Using JavaScript functions, I was trying to insert a breakline on a string at every N characters provided by the user.

Just like this: function("blabla", 3) would output "bla\nbla\n".

I searched a lot of answers and ended up with a regex to do that, the only problem is, I need the user's input on the matter, so I need to stuck a variable on this regex.

Here's the code:

function reshapeString(string, num) {
    var regex = new RegExp("/(.{" + num + "})/g");
    return string.replace(regex,"$1\n");
}

reshapeString("blablabla", 3);

This is currently not working. I tried to escape the '/' characters, but I'm screwing up at some point and I don't know where.

What am I missing? Is there any other way to solve the problem of reshaping this string?

Answer 1

public static String reshape(int n, String str){

    StringBuilder sb = new StringBuilder();

    char[] c = str.replaceAll(" " , "").toCharArray();
        int count =0;
        for (int i = 0; i < c.length; i++) {
            if(count != n){
                sb.append(c[i]);
                count++;
             }else {
                count = 1;
                sb.append("\n").append(c[i]);
            }
        }

    return sb.toString();
}

Answer 2

Strings are immutable so whatever you do you have to create a new string. It's best to start creating it in the first place.
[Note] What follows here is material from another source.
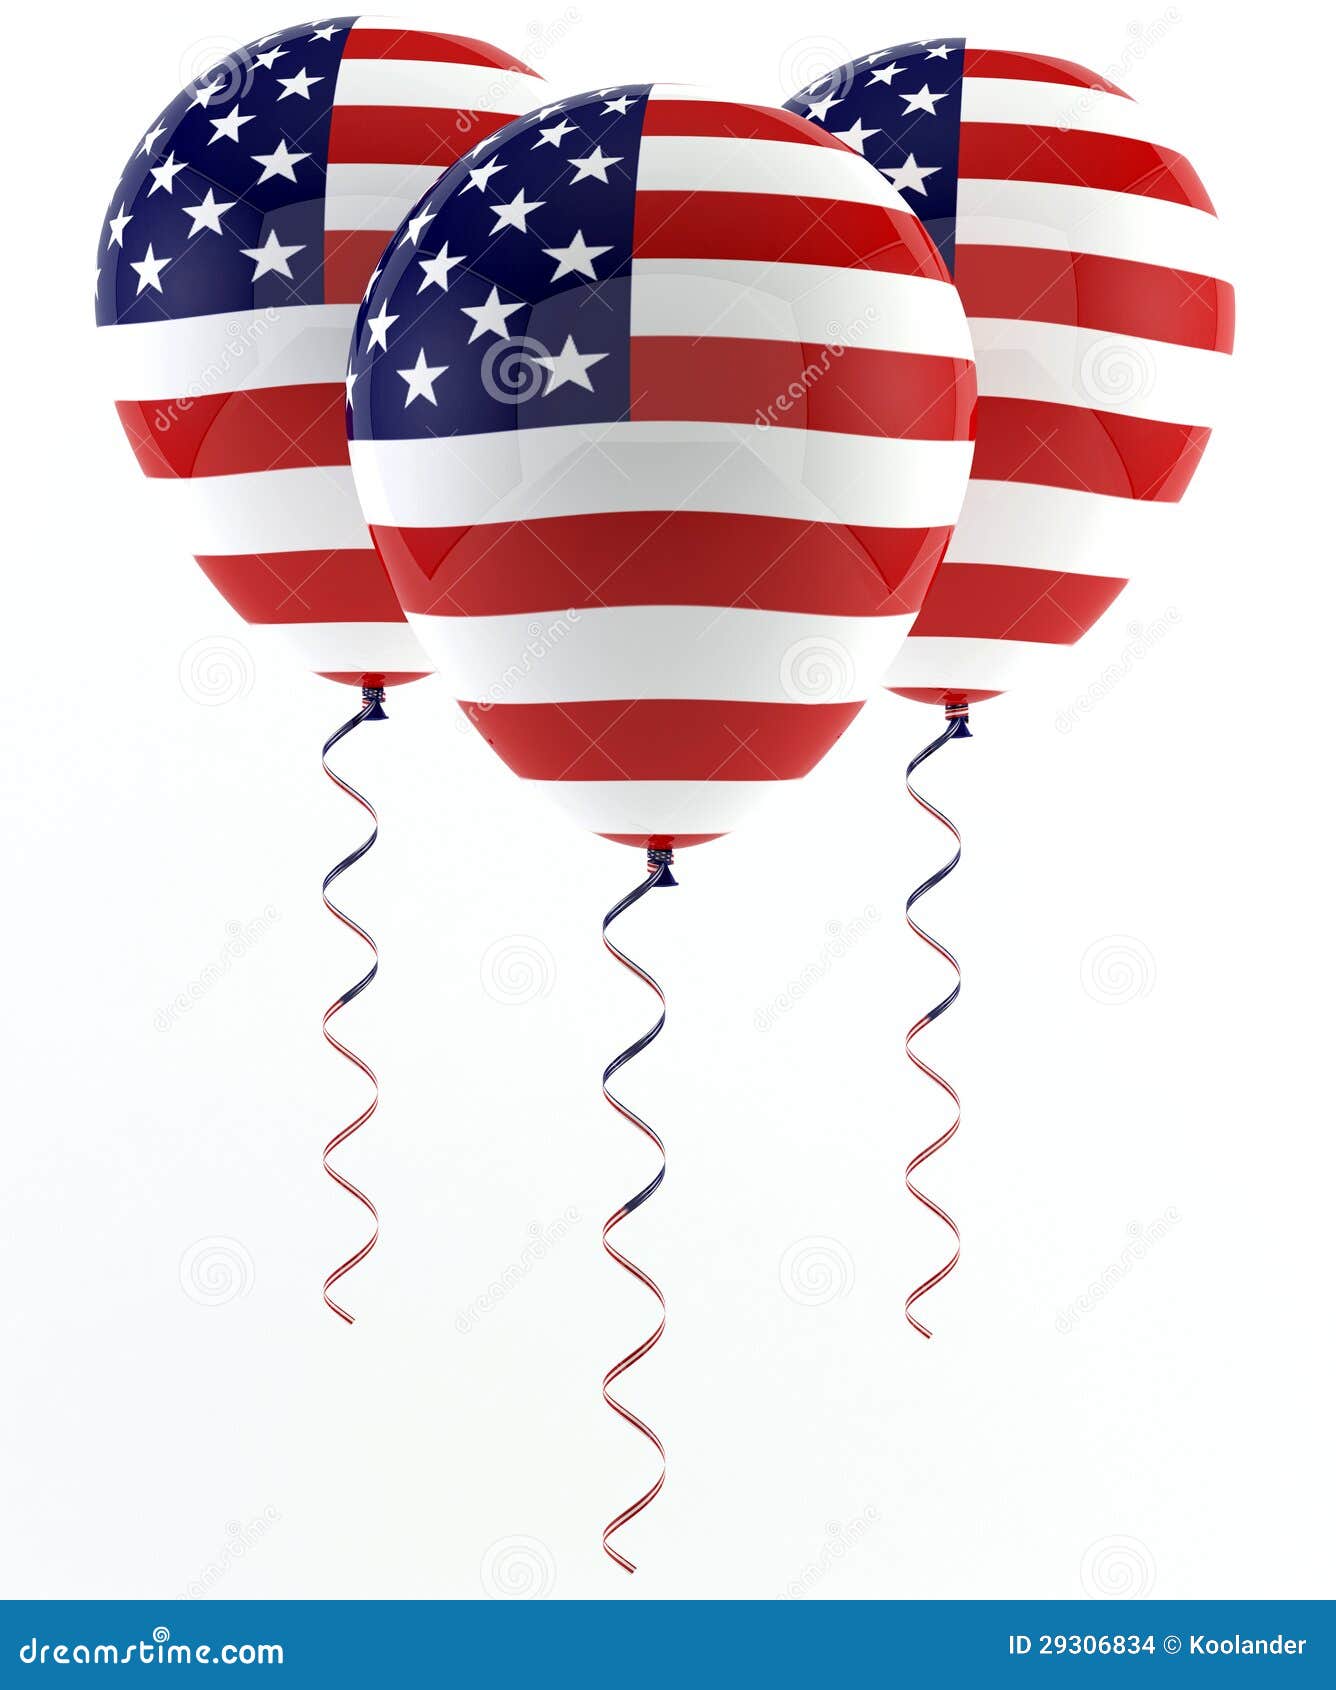 usa-balloons-flag-29306834.jpg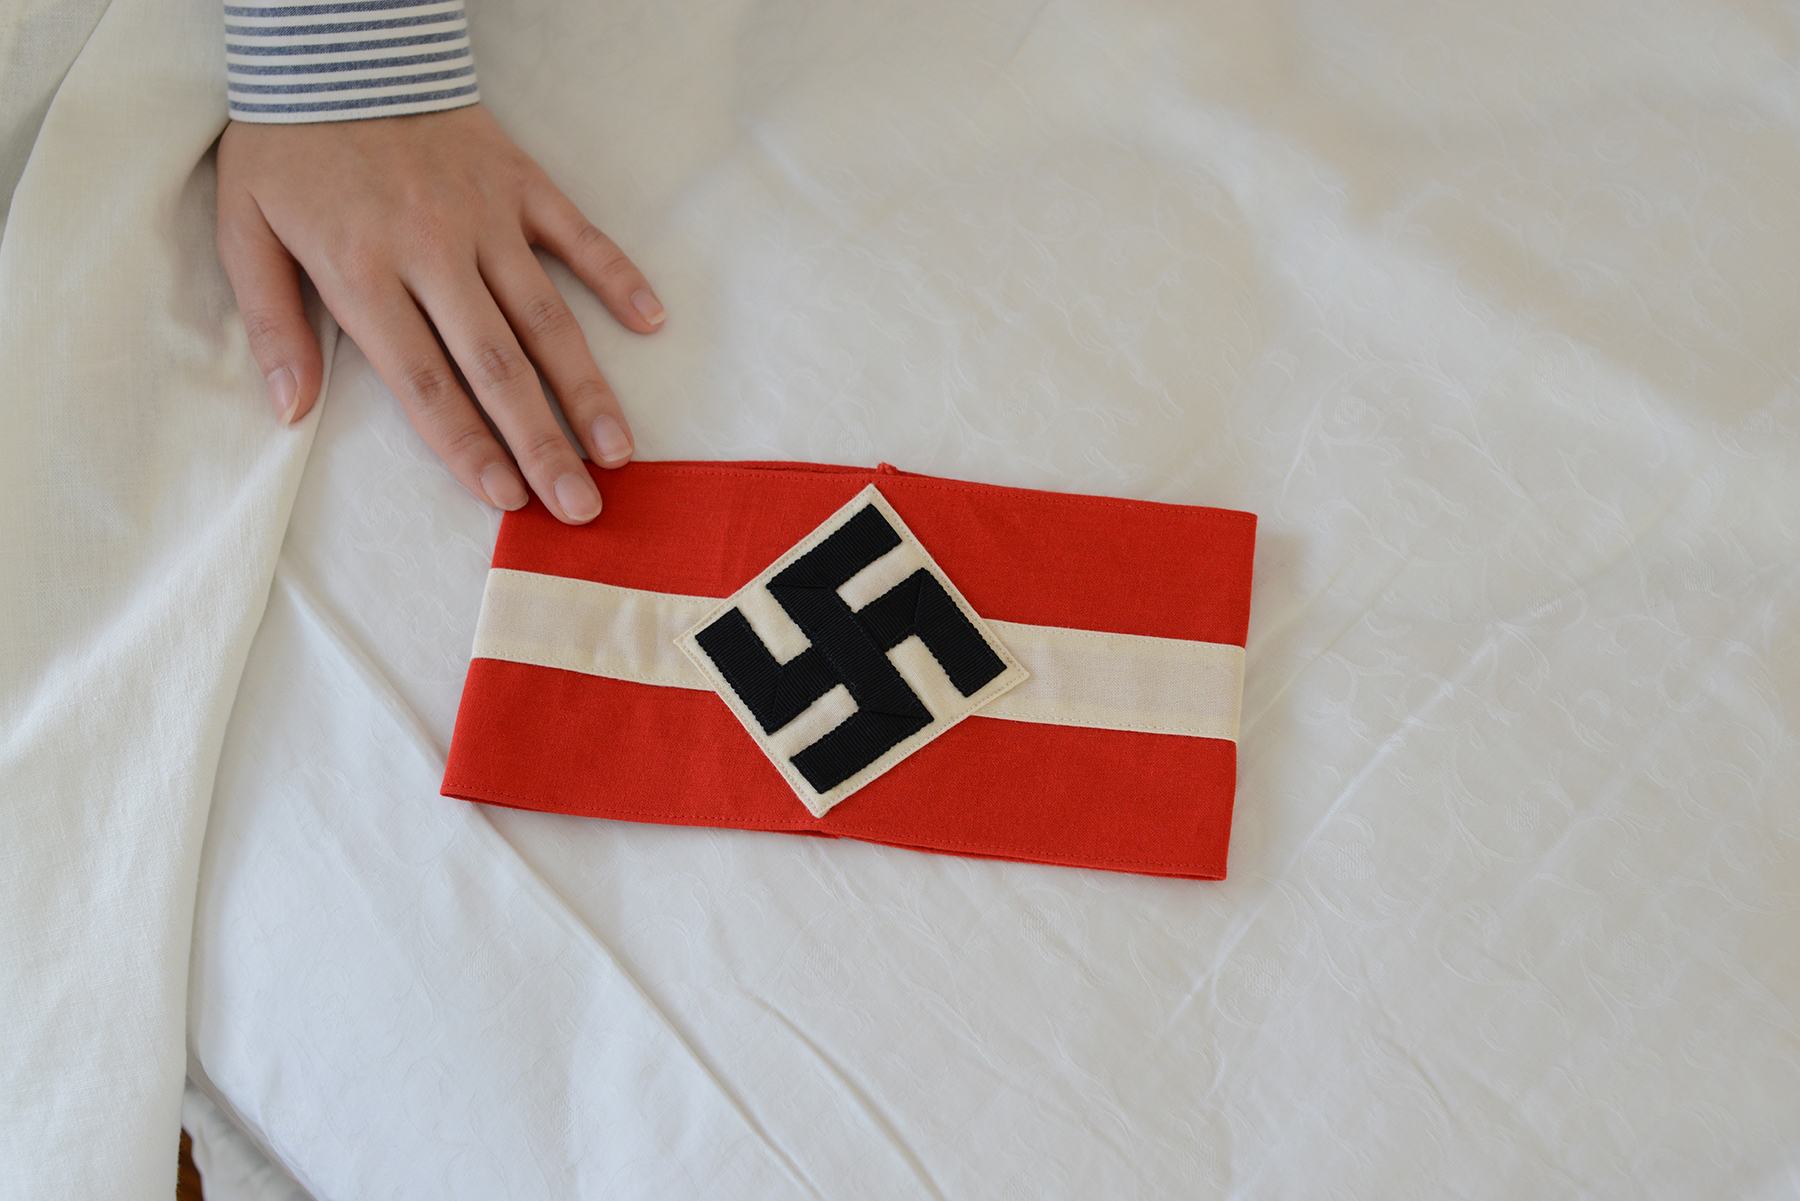 Hitler-Jugend Member's Armband

var newLineForEach = (n,s) => s && `${s.slice(0,n)}\n${newLineForEach(n,s.slice(n))}`,
    result = newLineForEach(3,"blablabla");
console.log(result);

So my tests show that this is by far the fastest. 100K iterations resulted Nina's 1260msec, AP's 103msec and Redu's 33msec. The accepted answer is very inefficient.

Answer 3

How about a one-liner?

const reshapeString = (str,N) => str.split('').reduce((o,c,i) => o+(!i || i%N?'':'\n')+c, '')

Explanation:

• So first thing we do is split the string into a character array
• Now we use a reduce() statement to go through each element and reduce to a single value (ie. the final string you're looking for!)
• Now i%N should give a non-zero (ie. a truthy value) when the index is not a multiple of N, so we just add the current character to out accumulator variable o.
• If i%N is in fact 0 (then it's falsey in value), and we append:
  • o (the string so far) +
  • \n (the appended character at the N'th interval)
  • c (the current character)
• Note: We also have a !i check, that's for ignoring the first char since, that may be considered un-intended behavior

Benchmarking

Regex construction and replace also requires string re-construction and creating an FSA to follow. Which for strings smaller than 1000 should be slower

Test:

(_ => {
    const reshapeString_AP = (str,N) => str.split('').reduce((o,c,i) => o+(!i || i%N?'':'\n')+c, '')
    function reshapeString_Nina(string, num) {
        var regex = new RegExp(".{" + num + "}", "g");
        return string.replace(regex,"$&\n");
    }

    const payload = 'a'.repeat(100)
    console.time('AP');
    reshapeString_AP(payload, 4)
    console.timeEnd('AP');
    console.time('Nina');
    reshapeString_Nina(payload, 4)
    console.timeEnd('Nina');
})()

Results (3 runs):

AP: 0.080078125ms
Nina: 0.13916015625ms
---
AP: 0.057861328125ms
Nina: 0.119140625ms
---
AP: 0.070068359375ms
Nina: 0.116943359375ms

Answer 4

You need a string for the regexp constructor, without /, and you can omit the group by using $& for the found string.

function reshapeString(string, num) {
    var regex = new RegExp(".{" + num + "}", "g");
    return string.replace(regex,"$&\n");
}

console.log(reshapeString("blablabla", 3));